Tom had nearly laughed—he didn’t know what had happened yet—and he’d rubbed her hair as she’d frowned. Held her stomach, increasingly baby full. They had gone through their questions, as the new protocols demanded: What’s your name? Kate. Mine? Tom. How did I propose to you? With a ring, in an apple, on a hill. Yes, it’s you . . .
It had taken time to persuade Tom, but she’d been adamant. They had waited until his parents were out, at a meeting with the government. Entire cities had gone offline that morning. She had persuaded Tom up to his father’s study, to access their homeHub. As she had watched, he’d gone through her BackUps. He’d been lost in her mind, looking for those moments in her dreams when she’d been sure that someone had invaded her.
Empty windows stare at her. The wind stirs up phantom movements. Her shallowest breath is deafening in this silence.

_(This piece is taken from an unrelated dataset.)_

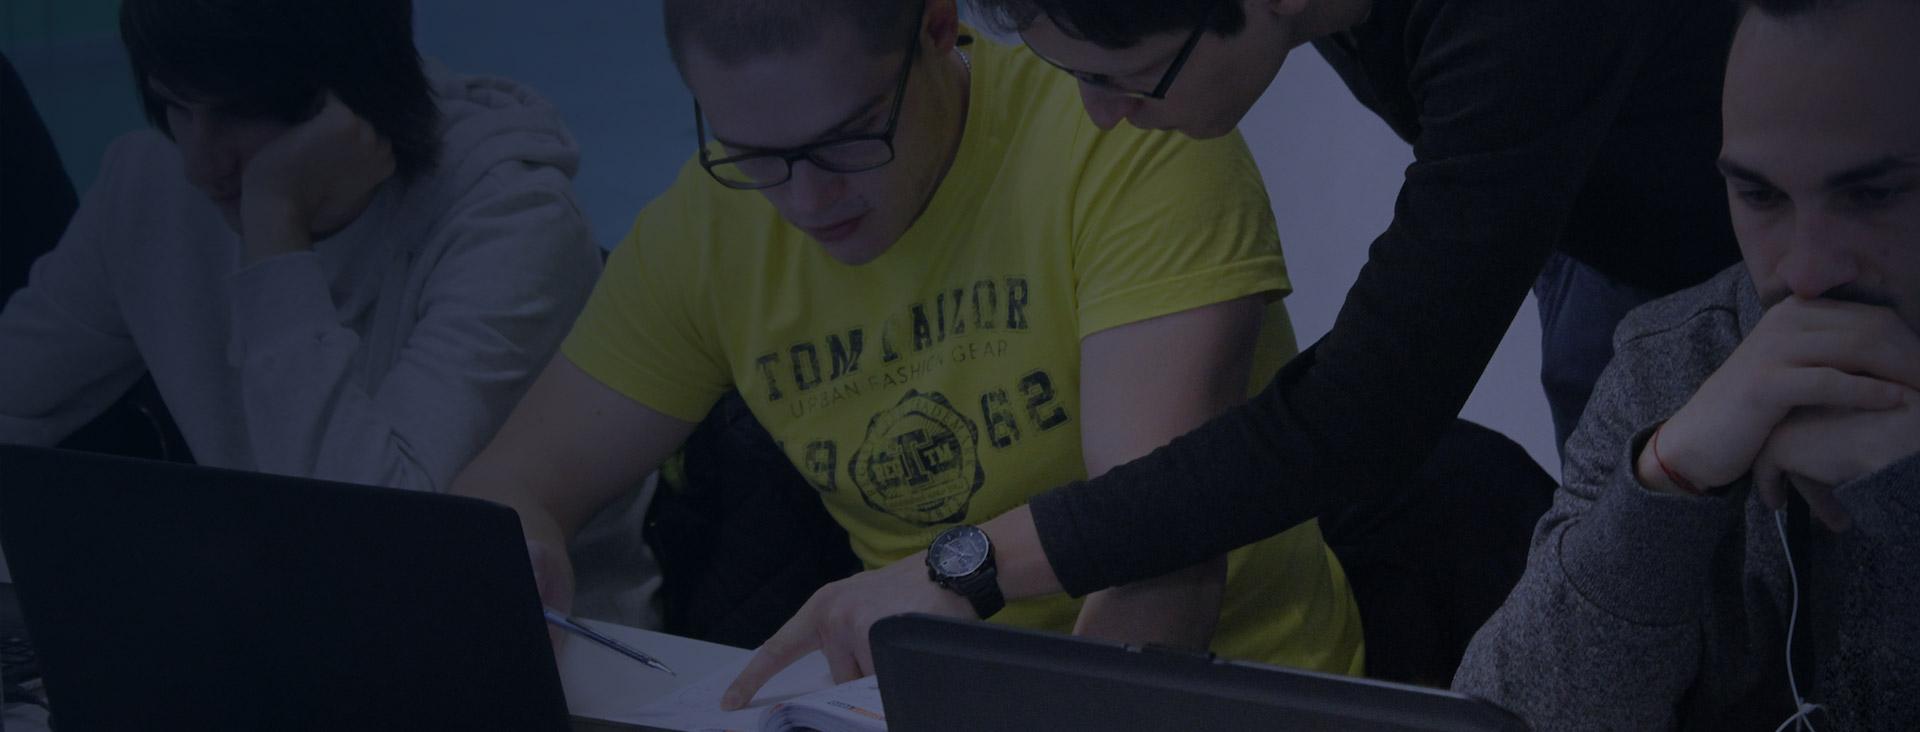 JavaScript Workshops

The soles of her boots have aged since she wore them last, when they had escaped the city and she had been pregnant with Bea. Although cracks run through the rubber now like the cracks running through the roads, somehow everything feels the same: her pounding heart; her thoughts shorting out; seismic terror tearing up through the veneer her safe-feeling life has been; the poisoning doubt that Tom is really Tom. What’s missing now is his capacity for hope. It had gotten them through before; it had raised her spirits higher than she could have achieved alone. But his hope had more stamina than hers. They saw the world so differently. And now here she is, alone.
The dog’s paws pad beside her, light and ready. It seems they’re now a team.
Bea’s abduction hits her in the stomach harder than anything physical ever could. She would sacrifice anything for her daughter in that moment: her own life, Tom’s, the entire planet; she’d give them away to get Bea.
She runs, on and on, the dog at her feet, checking the map at junctions. That afternoon she sees it in the near distance: the storage facility, squat amid the hills. Where else could Bea be? Who else could have known about the camp? They spend the night in a truck that has lain on its side so long its metal has rusted to the road. Its thin walls are being eaten away by time, but its stronger framework stands for now. She builds a small fire, taking her time with a lighter running low, while the dog disappears. It brings back an animal, still twitching in its jaws. Kate flays and then partly burns it, feeding the dog scraps of cindered flesh and throwing most of hers away when it isn’t looking.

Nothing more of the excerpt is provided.